Helix: A Vision-Language-Action Model for Generalist Humanoid Control
"Helix: A Vision-Language-Action Model for Generalist Humanoid Control" appears to be a research paper or project focusing on creating a unified model that integrates vision, language understanding, and action generation to enable humanoid robots to perform a wide range of tasks.
Helix is a groundbreaking Vision-Language-Action (VLA) model developed by Figure AI, a robotics startup focused on building commercially viable autonomous humanoid robots. Announced in February 2025, Helix represents a major advancement in embodied AI by integrating visual perception, natural language understanding, and precise motor control into a single, generalist neural network. It enables humanoid robots (like Figure's 02 and later 03 models) to perform complex, dexterous tasks in unstructured real-world environments—such as homes or warehouses—using simple natural language commands, without task-specific programming or extensive fine-tuning.

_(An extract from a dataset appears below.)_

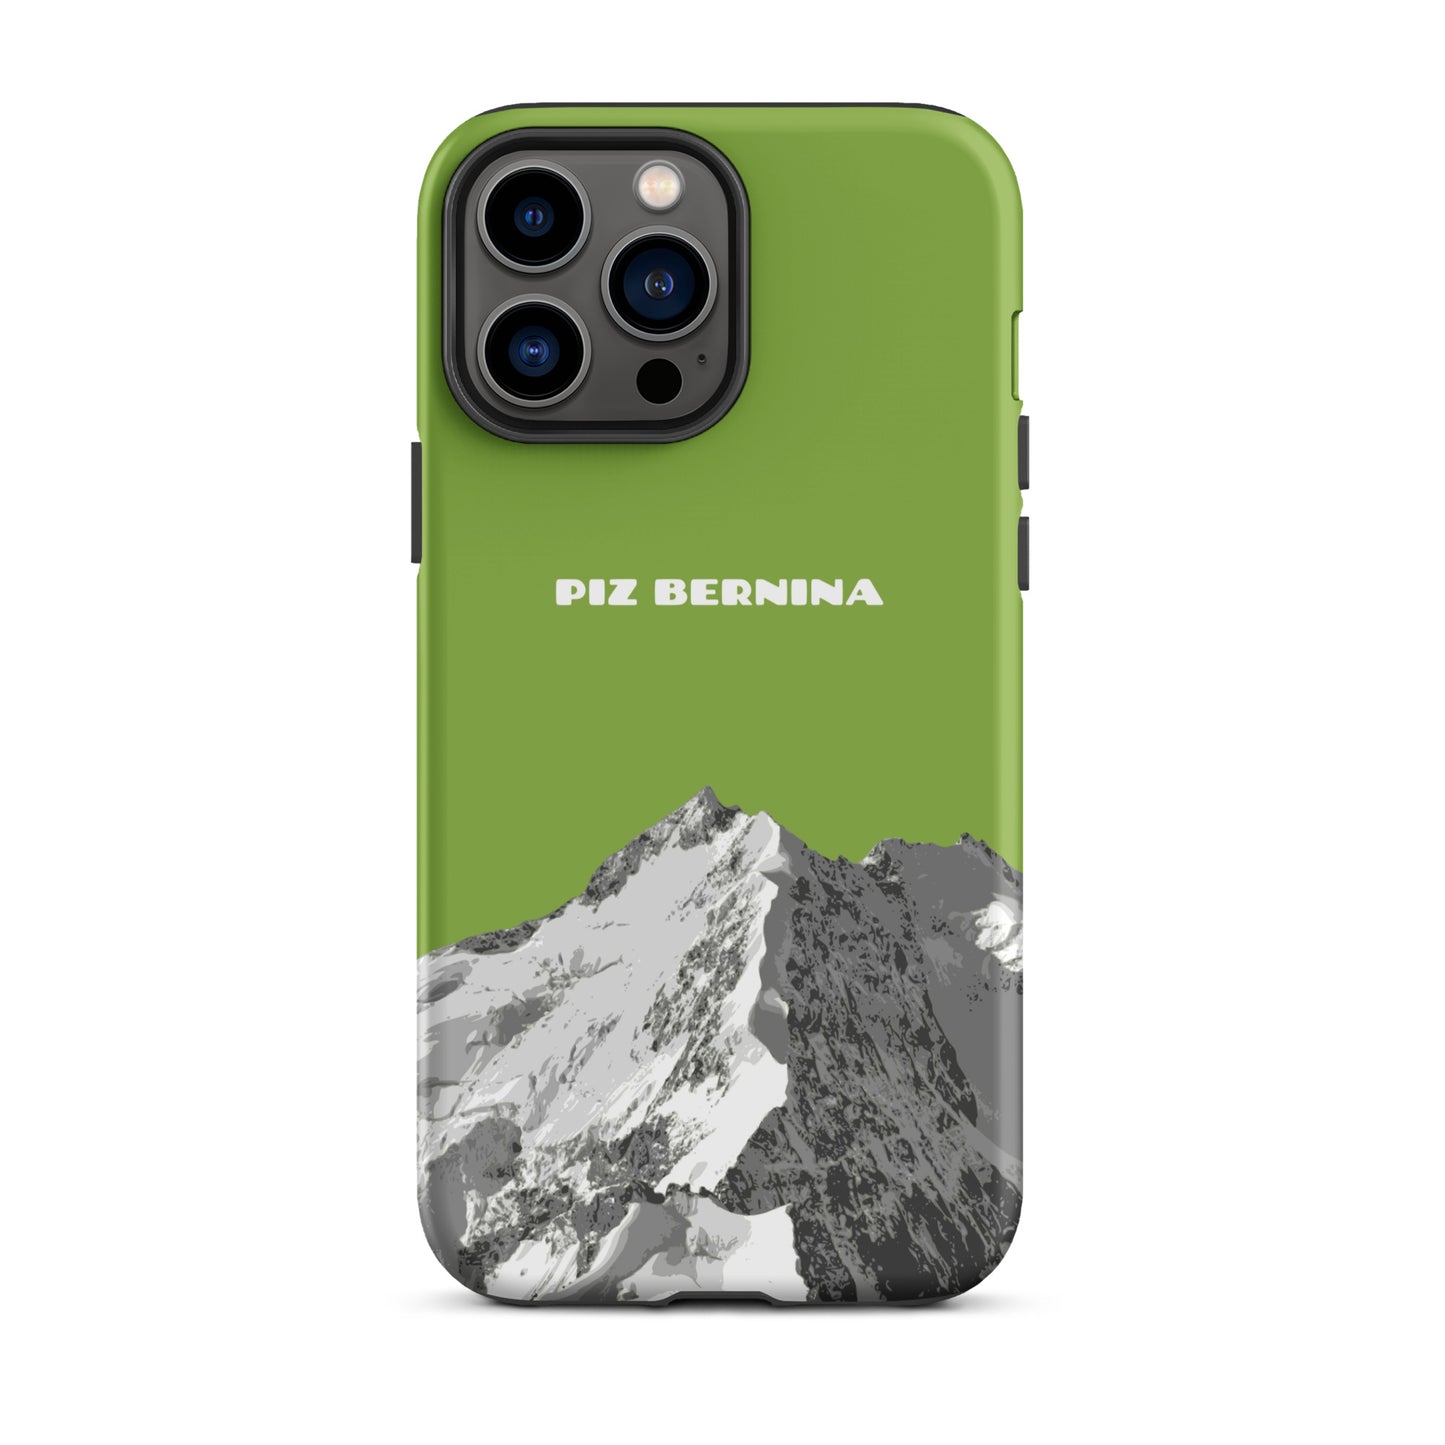 Hülle für das iPhone 13 Pro Max von Apple in der Farbe Gelbgrün, dass den Piz Bernina in Graubünden zeigt.
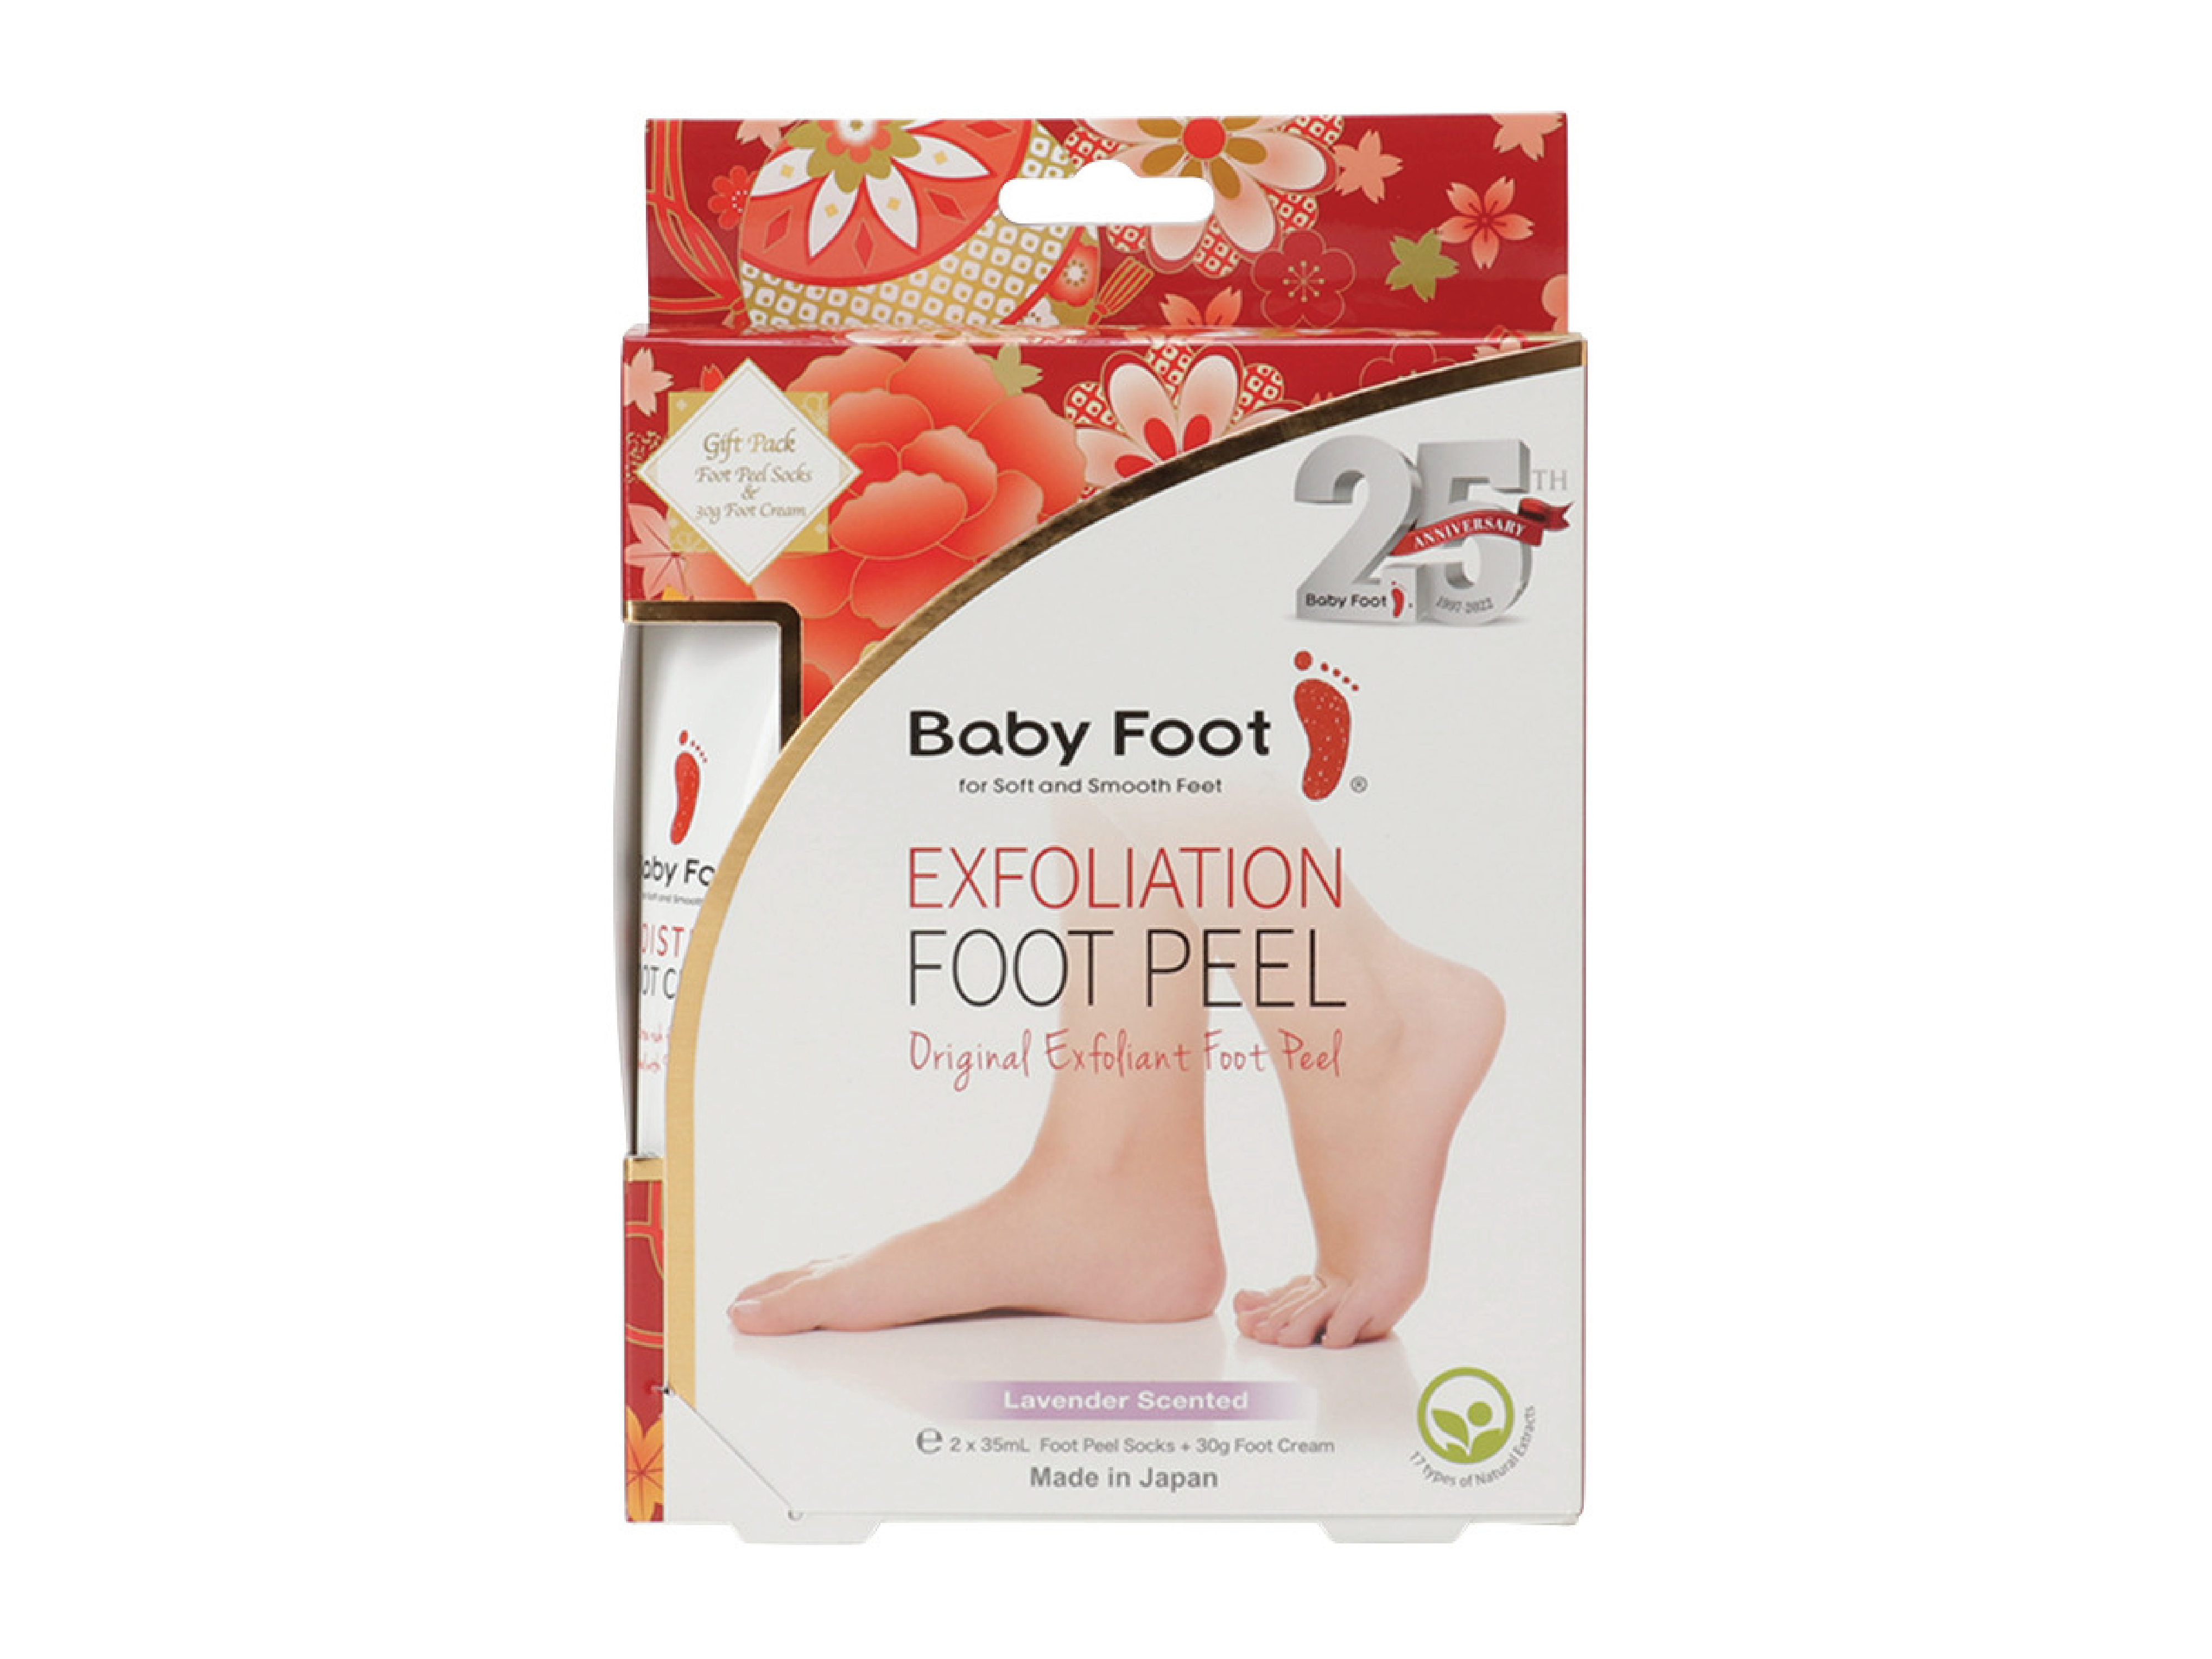 Baby Foot Exfoliation Foot Peel Gift Pack, 1 stk.

Key Innovations and Firsts
Helix stands out for several pioneering features:
- Full Upper-Body Control: It's the first VLA model to output high-rate (up to 200 Hz) continuous control over a humanoid's entire upper body, including 35+ degrees of freedom (DoF) for arms, wrists, torso, head, and individual fingers. This allows precise, human-like manipulation of objects.
- Zero-Shot Generalization: Robots can handle thousands of novel objects they've never seen before, grasping and manipulating them based on language prompts (e.g., "Pick up the desert item" correctly identifies and grabs a toy cactus).
- Multi-Robot Collaboration: A single Helix instance can control multiple robots simultaneously for coordinated tasks, like sorting groceries without predefined roles.
- Self-Termination and Long-Horizon Tasks: Includes a synthetic "task completion" output, allowing the model to decide when a job is done and sequence behaviors autonomously.
Demos showcase Helix-powered Figure robots unloading groceries, loading dishwashers, folding laundry, sorting packages in logistics settings, and even learning navigation from human video data. These run onboard low-power GPUs, making them practical for commercial deployment (e.g., at BMW factories).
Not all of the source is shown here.